By Bas Kooijman, the CEO and Asset Manager of DHF Capital SA.
U.S. Market – Earnings Lift Stocks as Inflation Reignites
U.S. stock markets were mixed last week, though tech-heavy indexes continued their upward momentum. The S&P 500 and Nasdaq Composite reached new all-time highs, powered by robust second-quarter corporate earnings and steady consumer spending. In contrast, the Dow Jones Industrial Average and the S&P MidCap 400 Index ended slightly lower.
The week’s corporate earnings set a positive tone. Major banks such as JPMorgan Chase and Citigroup posted better-than-expected results, signaling resilience in the financial sector. Consumer-facing giants like PepsiCo, United Airlines, and Netflix also exceeded forecasts, boosting investor sentiment. Meanwhile, NVIDIA received U.S. government approval to export its AI-focused H2O chips to China, helping the company sustain its $4 trillion market cap milestone and driving tech optimism.
On the macroeconomic front, inflation edged higher. The Consumer Price Index (CPI) rose 0.3% in June — its largest monthly increase in five months — and 2.7% year over year. Core inflation, which strips out volatile food and energy costs, ticked up to 2.9% annually. Analysts attributed part of the increase to new tariffs, particularly affecting consumer goods and footwear.
Retail sales rebounded more than expected, rising 0.6% in June after a decline the previous month, offering reassurance that consumer demand remains solid. However, markets briefly reacted to political uncertainty after reports suggested President Trump might dismiss Federal Reserve Chair Jerome Powell. The White House quickly denied the claims, calming investor nerves.
In the bond market, short-term Treasury yields dipped slightly while longer-term yields remained stable. Investment-grade corporate bonds outperformed U.S. Treasuries, supported by healthy demand for new issuance.
European Market – Stubborn Inflation in the UK, Recovery Signals in the Eurozone
European equity markets ended the week with mixed results. The pan-European STOXX Europe 600 Index remained steady, while country-level performance varied. Italy’s FTSE MIB and the UK’s FTSE 100 gained modestly, the latter helped by a weaker pound, which benefits multinational companies with overseas revenue. German and French indexes were little changed.
In the UK, inflation surprised on the upside. Headline consumer inflation rose to 3.6% in June, driven by higher transportation and fuel costs. Services’ inflation remained stubbornly high at 4.7%, indicating underlying price pressures remain elevated. At the same time, the UK labor market showed signs of softening. Unemployment rose to 4.7%, its highest level in four years, while the number of payrolled employees continued to decline. Wage growth, excluding bonuses, also moderates, falling to 5.0% year over year.
The eurozone offered some encouraging signs. Industrial production rebounded in May, rising 1.7% monthly above expectations. Gains were led by increases in energy and consumer goods output. The region’s trade surplus also widened to €16.2 billion, supported by higher exports and reduced imports.

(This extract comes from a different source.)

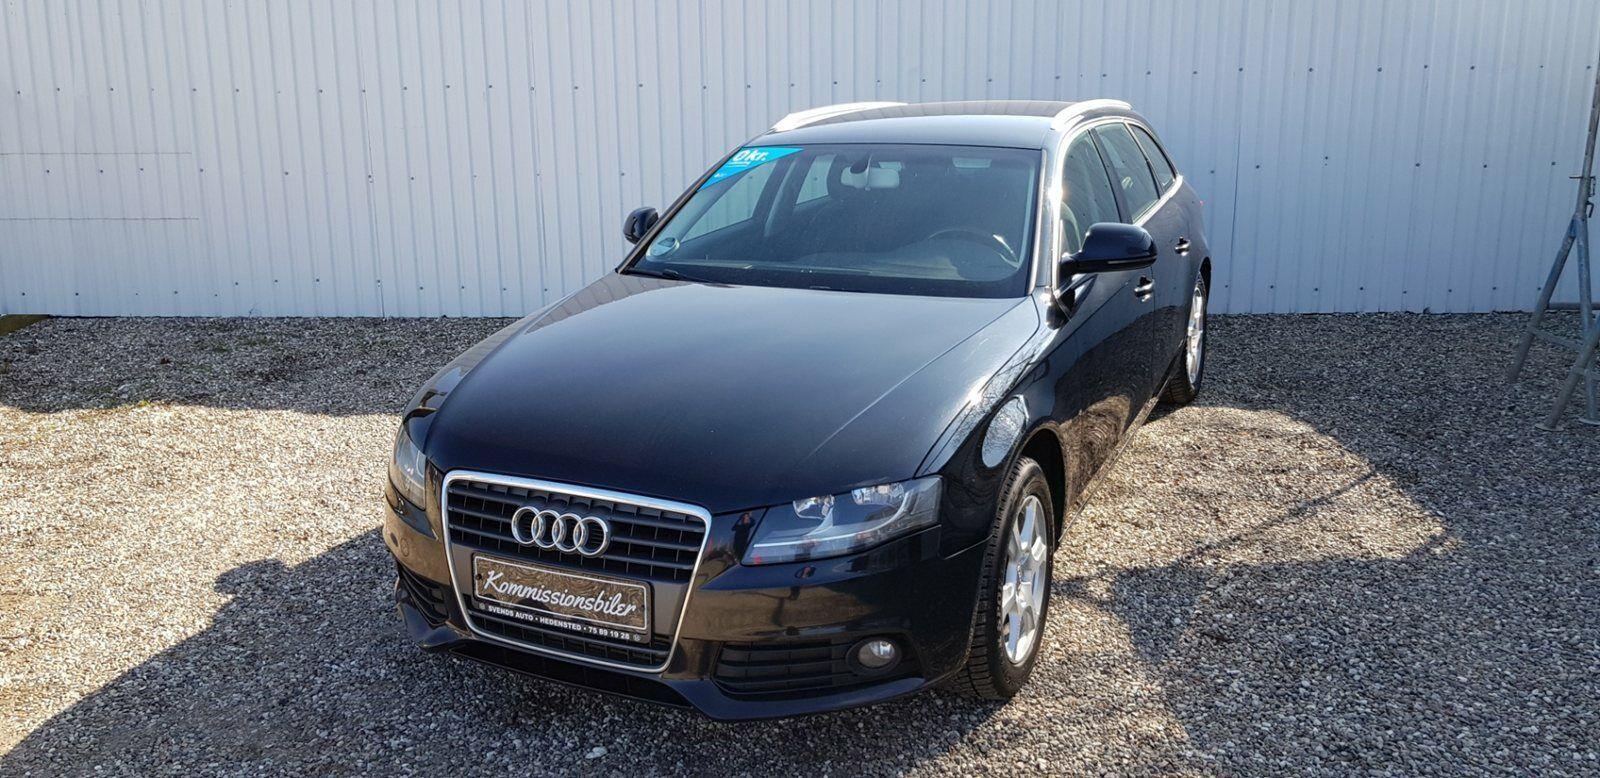 Audi A4 2,0 TDi 143 Avant 5d - 113.000 kr.

In Germany, investor sentiment hit its highest level in over three years. The ZEW index rose to 52.7, with two-thirds of the analysts surveyed expecting economic improvement in the months ahead. Optimism was tied to potential fiscal stimulus and signs of progress in trade negotiations between the U.S. and the European Union.

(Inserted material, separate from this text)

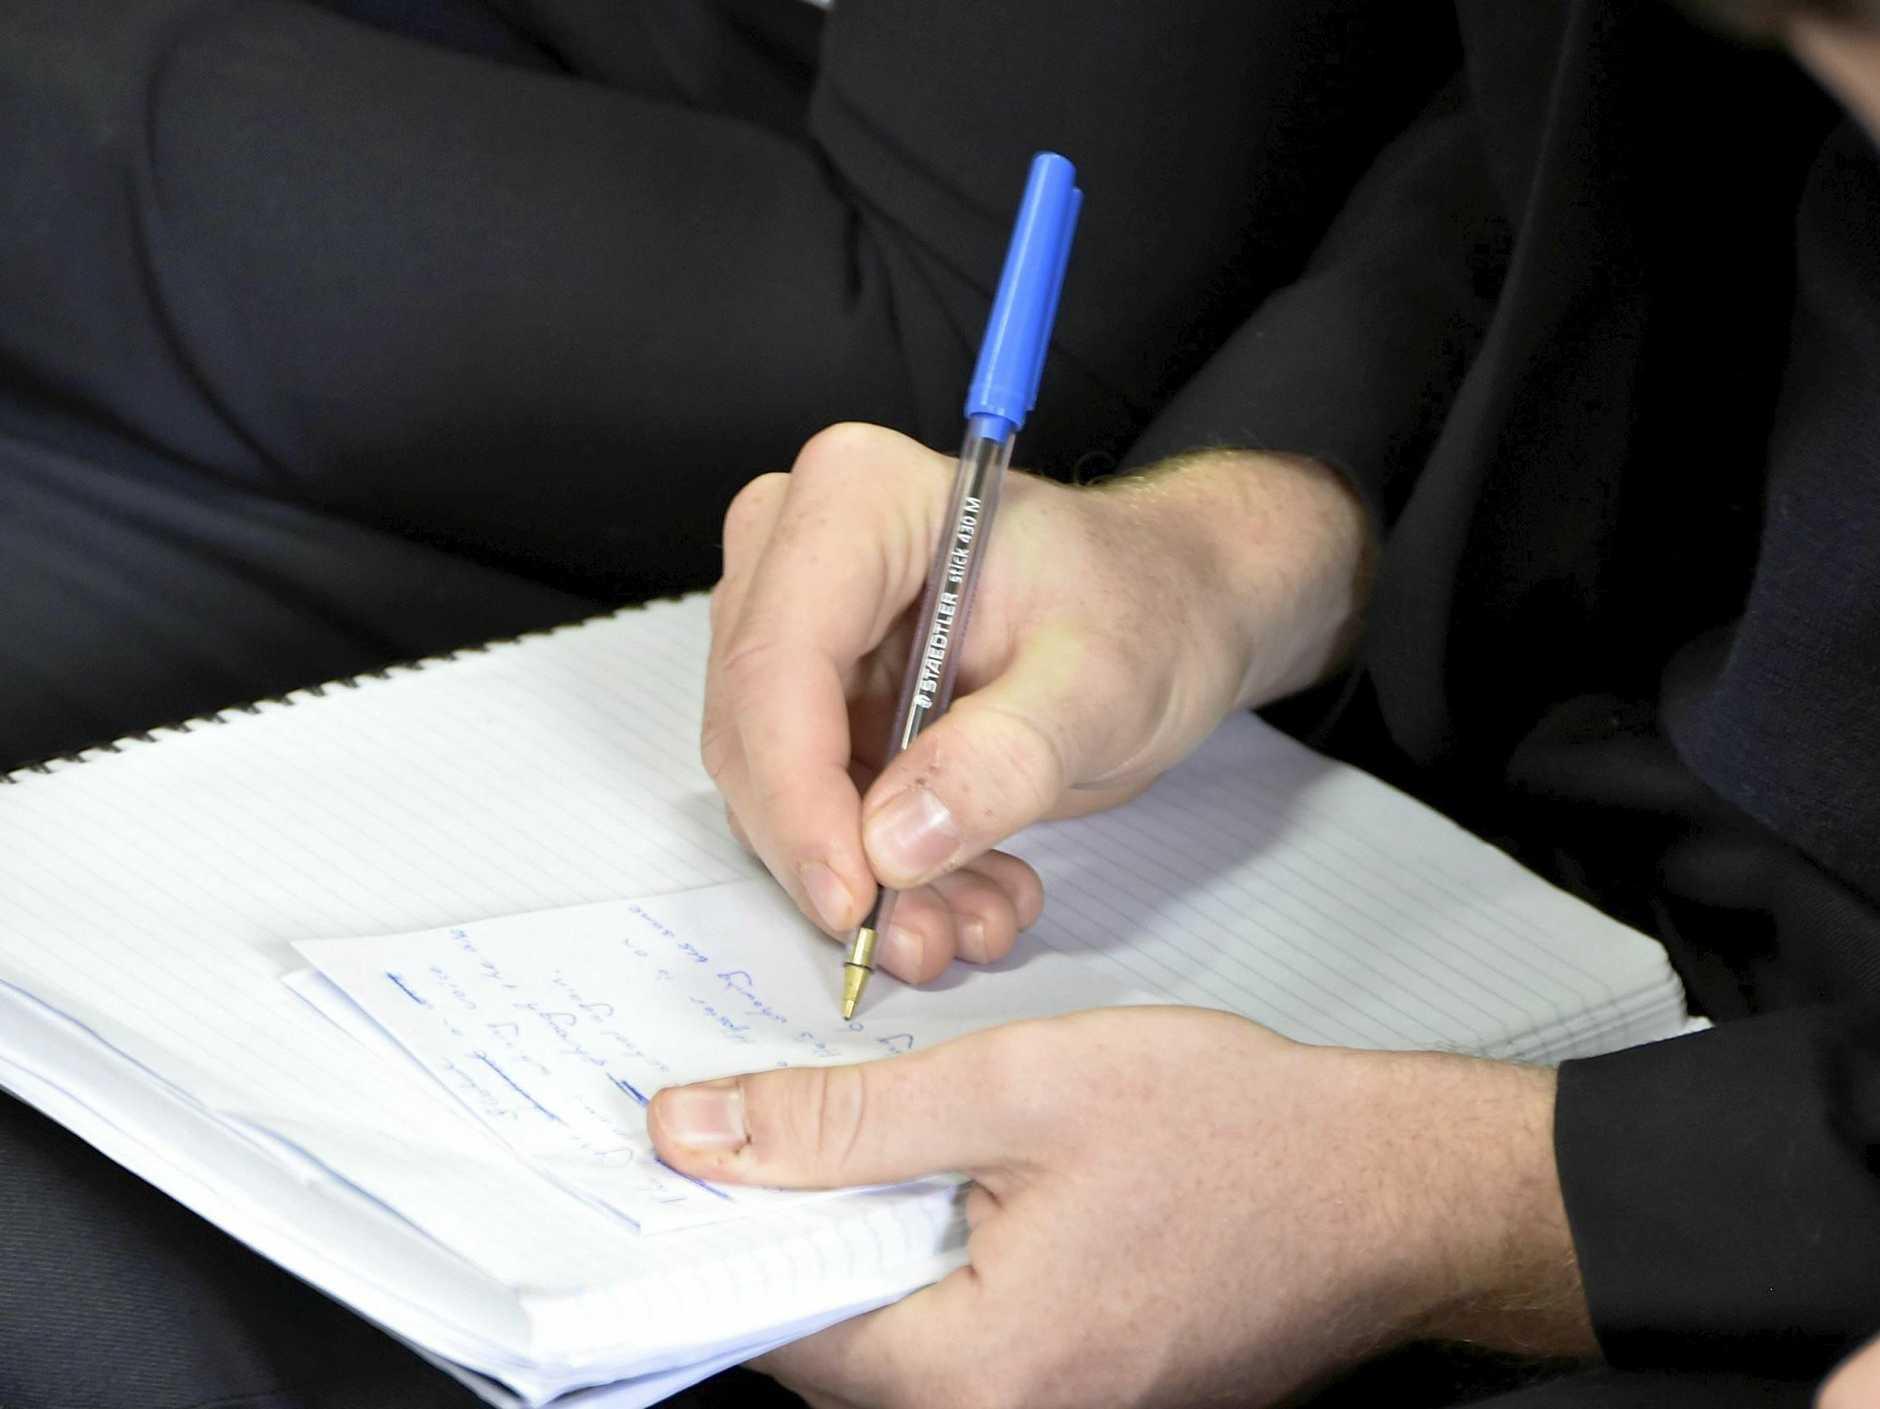 Scriptophobia is the fear of writing in public.

Asia & Emerging Markets – Political Risk in Japan, Growth Pressures in China
Asian markets posted modest gains. In Japan, stocks edged higher as investors looked ahead to the July 20 Upper House election. The outcome could shape fiscal policy, particularly government spending. The 10-year Japanese bond yield rose to 1.53%, anticipating a more fiscally supportive government. Meanwhile, inflation cooled slightly in June, with core CPI at 3.3% year over year — lower than May’s figure. However, exports declined for the second consecutive month, weighed down by reduced shipments to both the U.S. and China.

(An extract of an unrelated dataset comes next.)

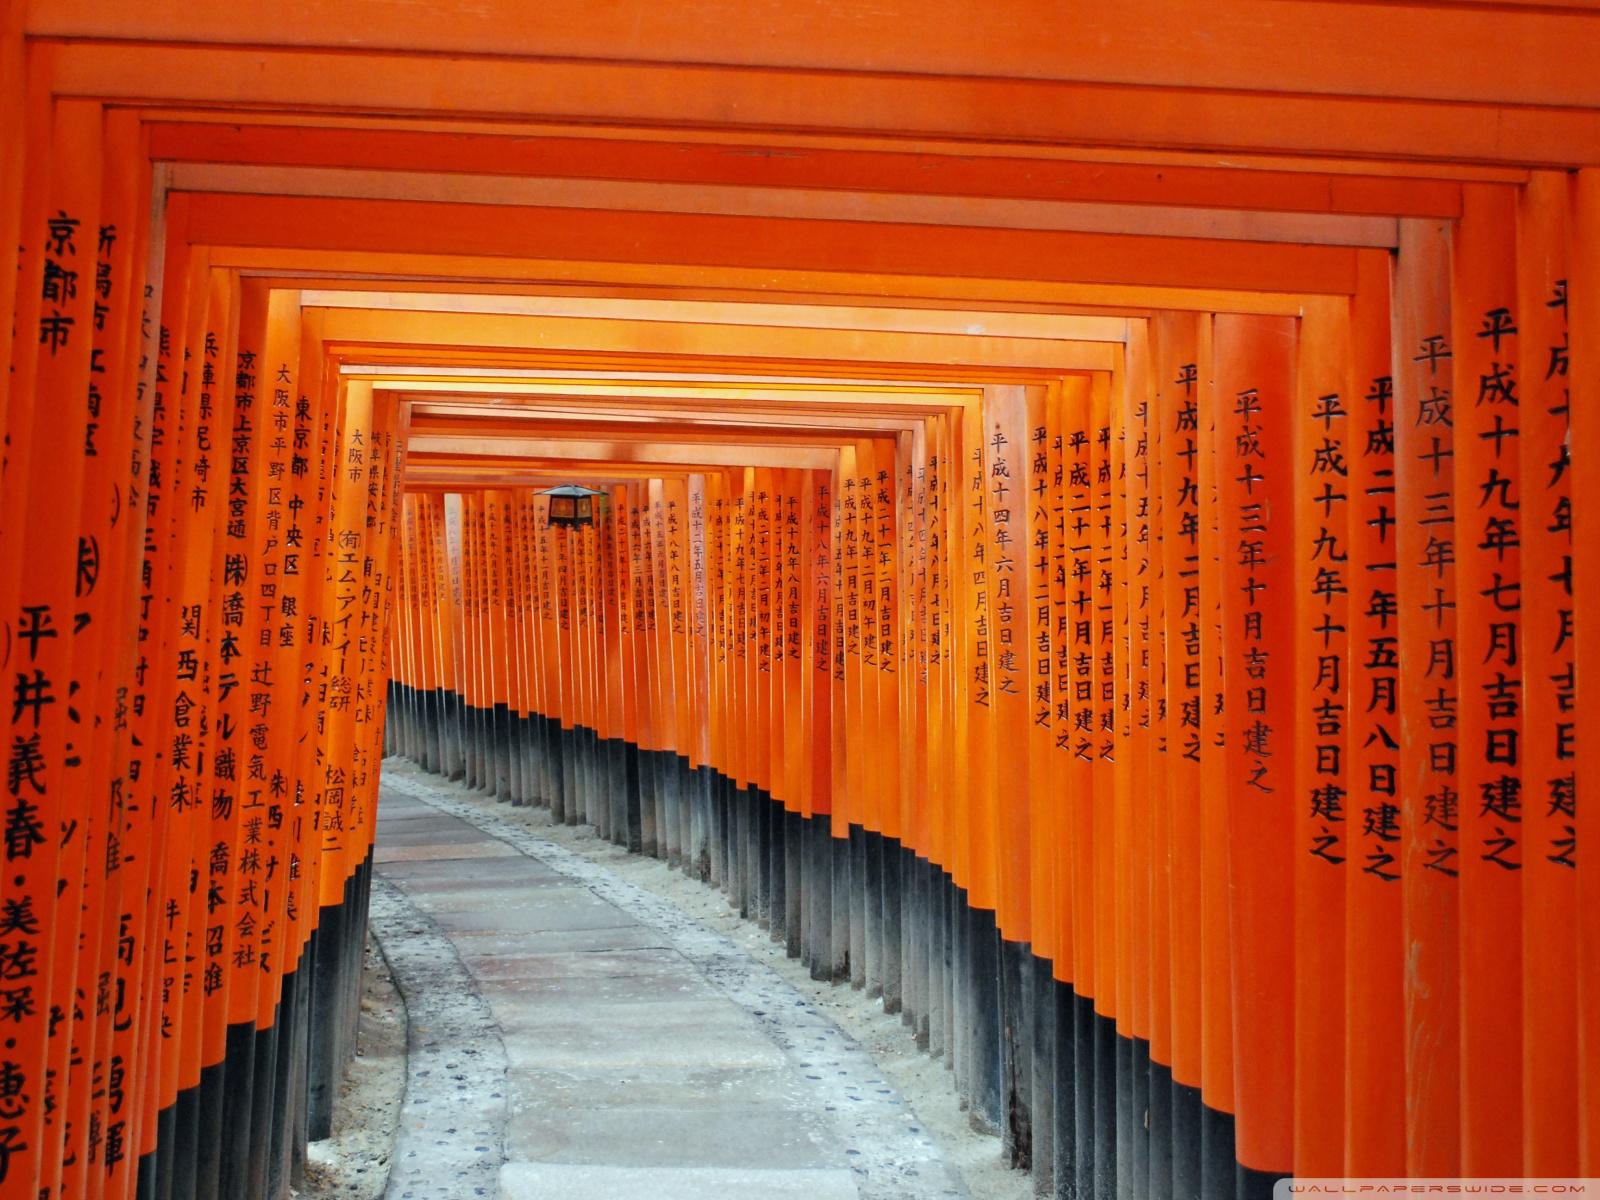 Fushimi Inari Taisha Kyoto Japan 4K HD Desktop Wallpaper for 1600x1200

In China, economic data was mixed. The economy grew 5.2% in Q2 — slightly slower than Q1 but still above forecasts. Analysts noted this could reduce the urgency for further stimulus. However, challenges remain. Deflationary pressures persist, and the property sector continues to struggle. New home prices fell again in June, and residential sales dropped over 12% from the previous year, marking the steepest decline of 2025.
In Hong Kong, the Hang Seng Index rallied nearly 3%, supported by tech stocks and positive sentiment around potential policy support.
With global markets responding to a mix of corporate resilience, inflationary pressures, and evolving trade dynamics, investors are watching closely for signals of stability — and opportunity — in the second half of the year.